A Dec. 6, 2019, rule required that 50 percent of matching funds from partners be in the form of direct payments, which made it more difficult for some USDA partners to participate in CREP. With this rule change, partners can now provide matching funds in the form of cash, in-kind contributions, or technical assistance. The December 2019 rule also subjected states like Vermont to a 25 percent payment reduction through the program if state regulations require farmers to implement minimum water quality practices, as Vermont’s Required Agricultural Practices do. The payment reduction was in direct contradiction to a provision included by Leahy in the 2018 Farm Bill that directed USDA to allow these states to participate and is corrected as a result of today’s announcement. This rule change will directly benefit Vermont farmers, who will no longer receive lowered levels of federal reimbursement simply because Vermont requires them to implement water quality practices.
To help partners access the CREP program, FSA has hired three additional staff. Among them is Evelyn Whitesides, who will focus on Vermont and other Eastern states.
“We want to build capacity so that we can better reach partners, including those who we may not have worked with before,” Ducheneaux said. “We’re taking action to reduce barriers to access and opportunity for historically underserved producers and landowners, and by engaging more partners, we’re working with groups that provide a direct link to these communities.”
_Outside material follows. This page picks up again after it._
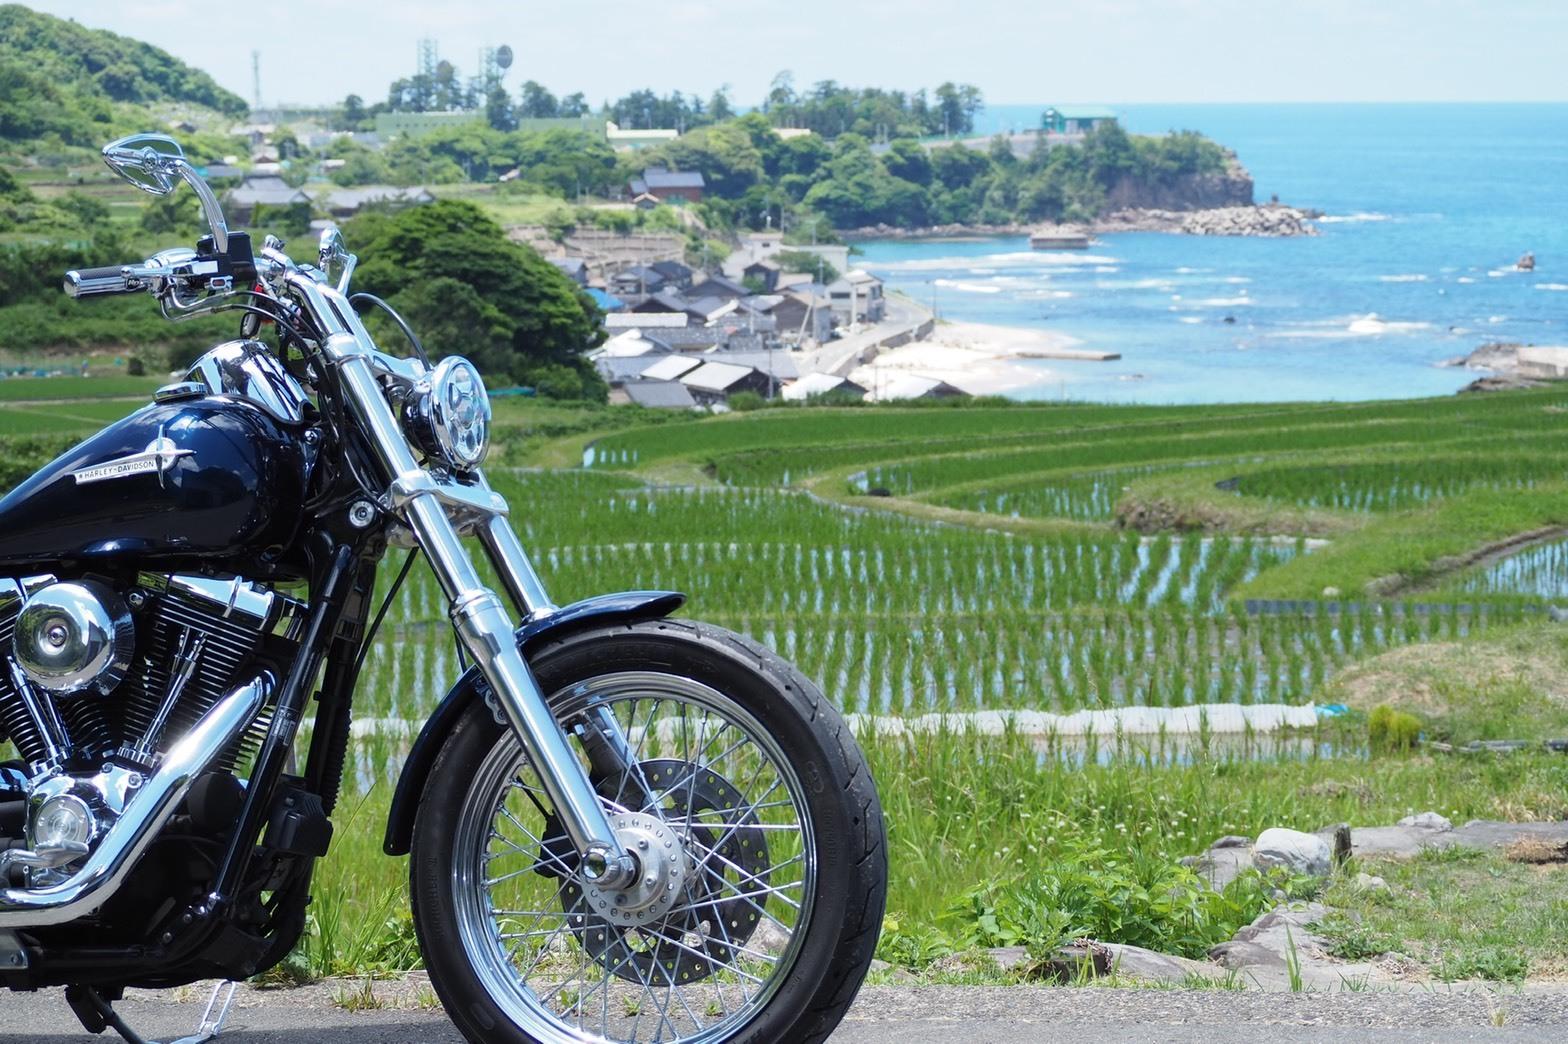 harleydavidson-motorcycle-touring-blog-kyoto-tanngopeninsula-riceterraces-of-sodeshi-view-2.jpg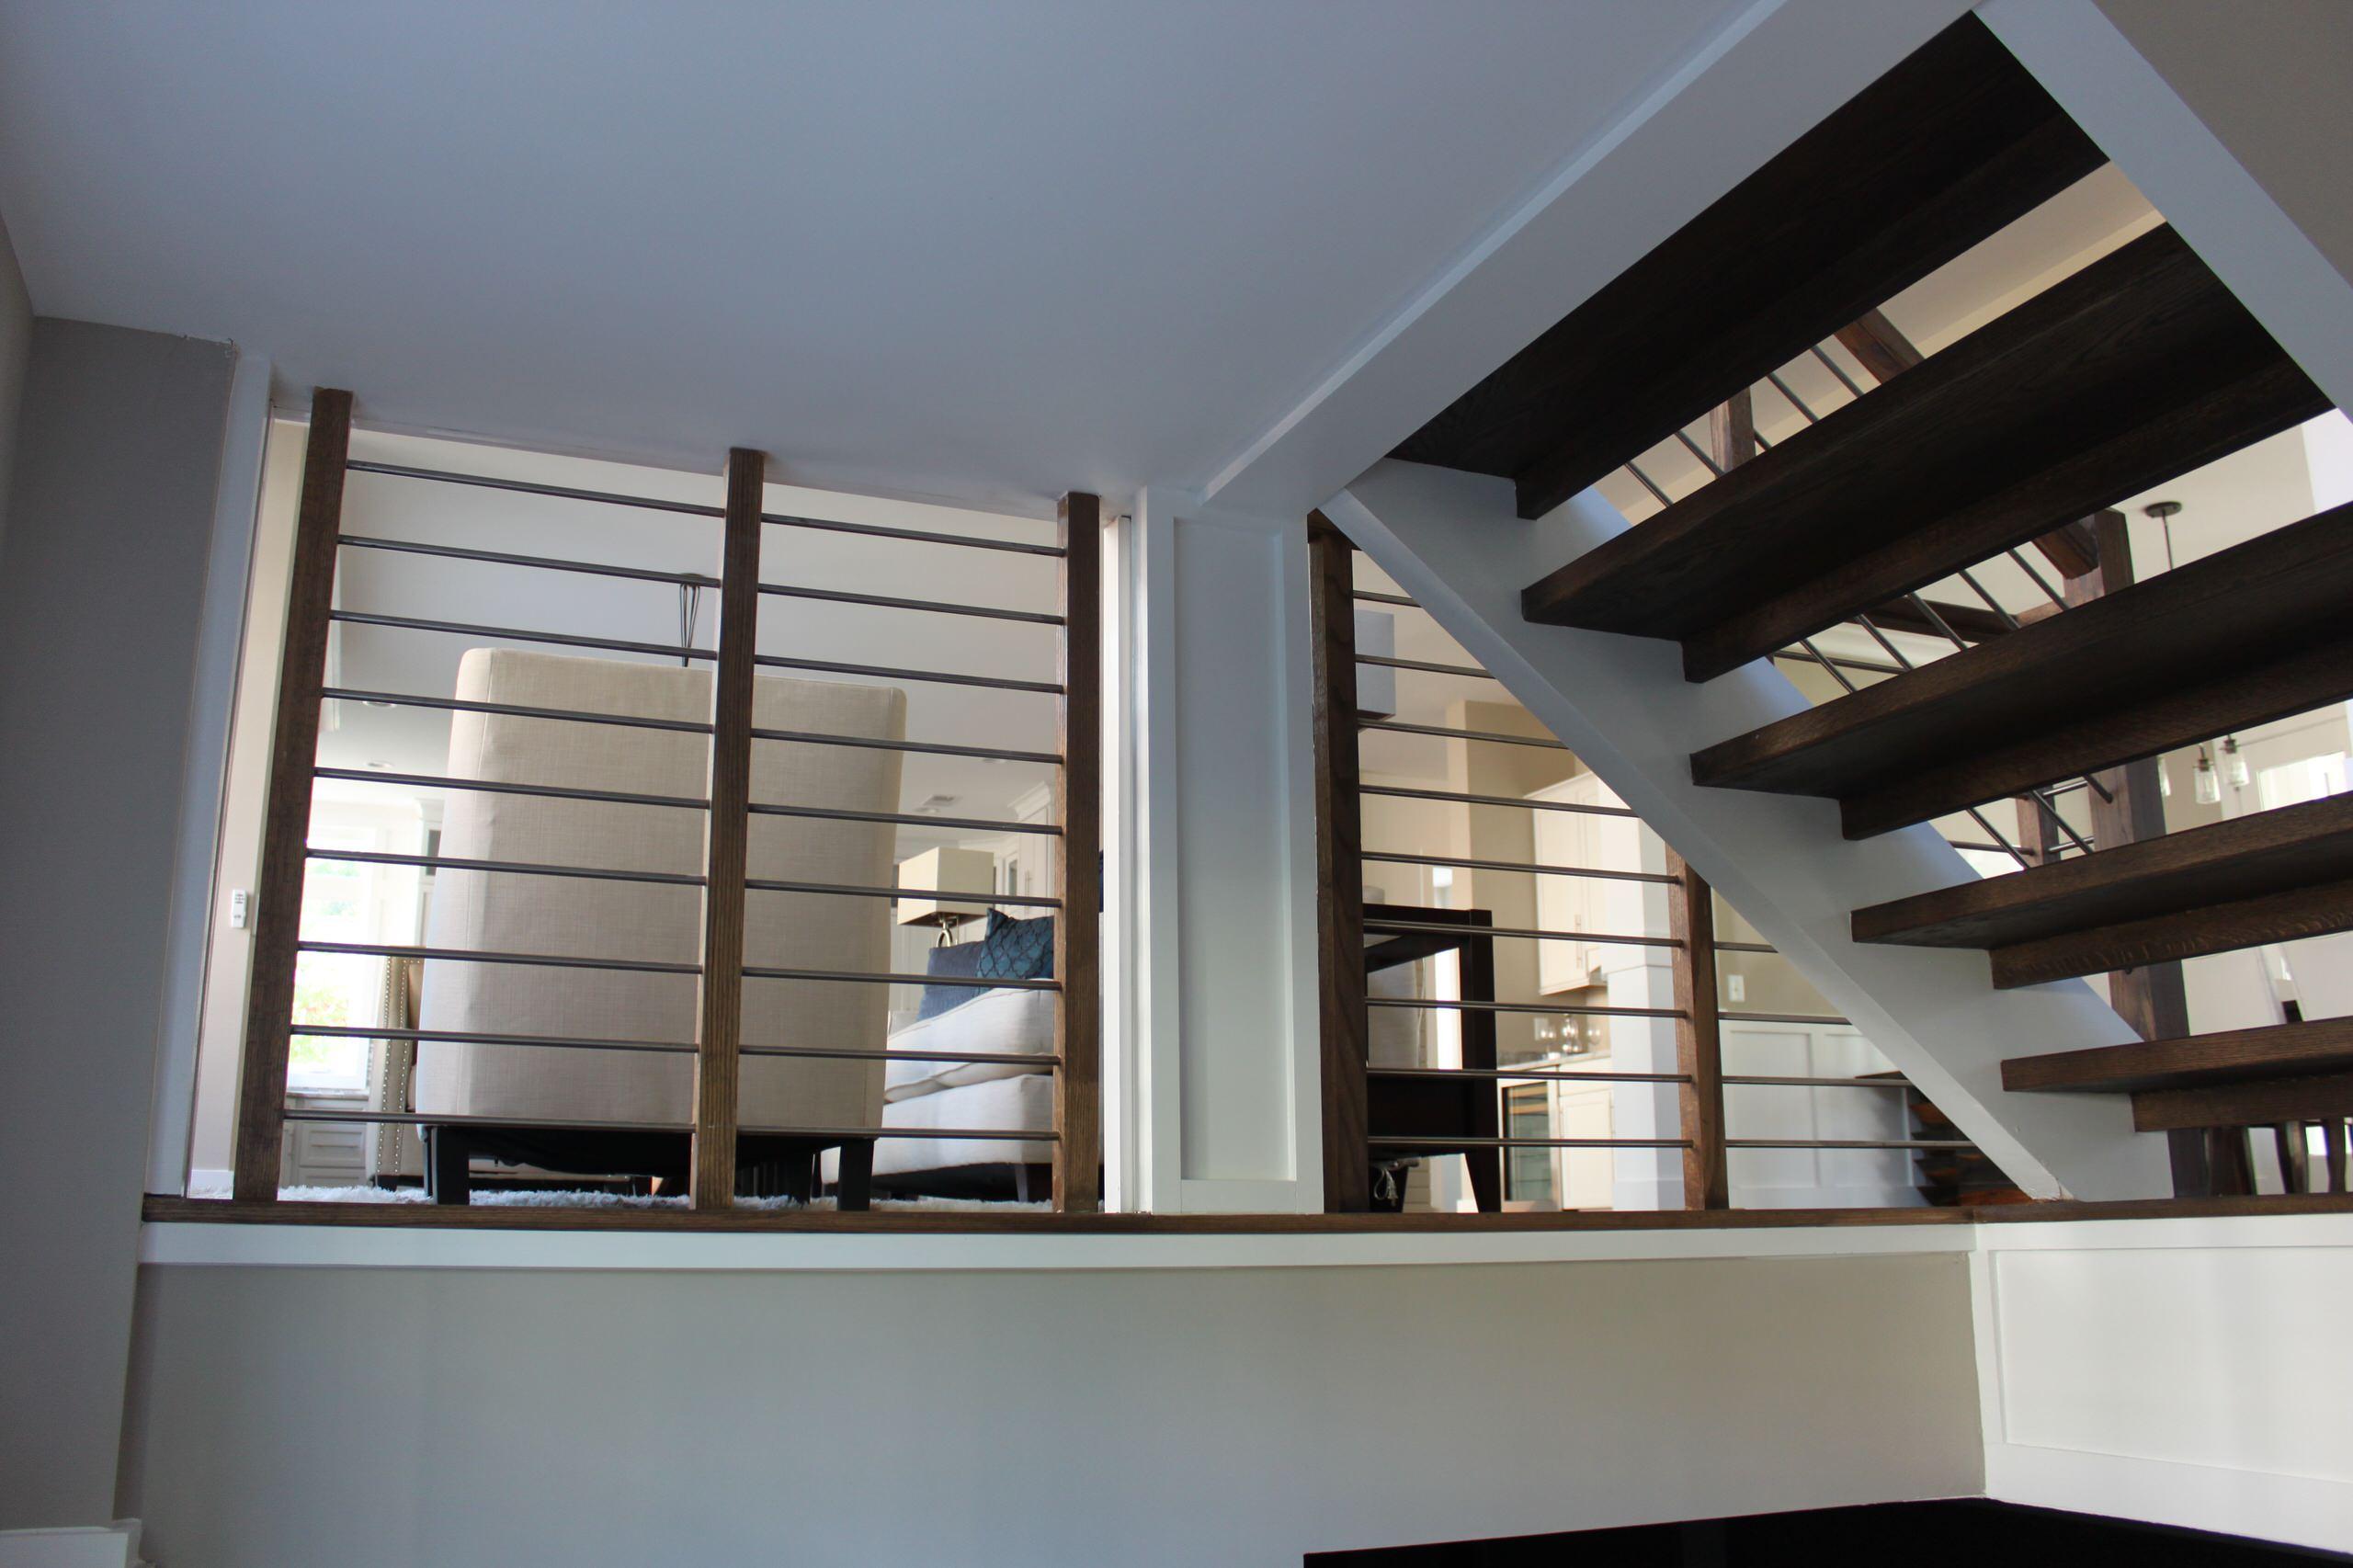 22_Stainless Steel & Dark Wooden Treads in Fabulous New Home, Vienna, VA 22180

These investments in CREP build on other recent outreach and education efforts, including a $4.7 million investment announced this year to establish partnerships with organizations to provide outreach and technical assistance to historically underserved farmers and ranchers on a variety of FSA programs, including conservation programs.
Currently all CREP partners are state agencies, however FSA is strongly encouraging Tribes and non-government organizations to consider partnerships.
Eligible entities include State agencies, Tribal groups, and non-government conservation organizations. Potential partners interested in CREP should contact Vermont’s FSA office.
“We are pleased with this update here in Vermont, and we hope it will increase interest and participation in CRP and CREP among the state’s agricultural producers,” said Lana Walden, FSA’s Acting State Executive Director in Vermont. “The program is a great conservation option for our farmers to help USDA conserve sensitive land, like buffers along streams and rivers, wetlands and critical wildlife habitat. It is important that the program is an accessible, viable management option.”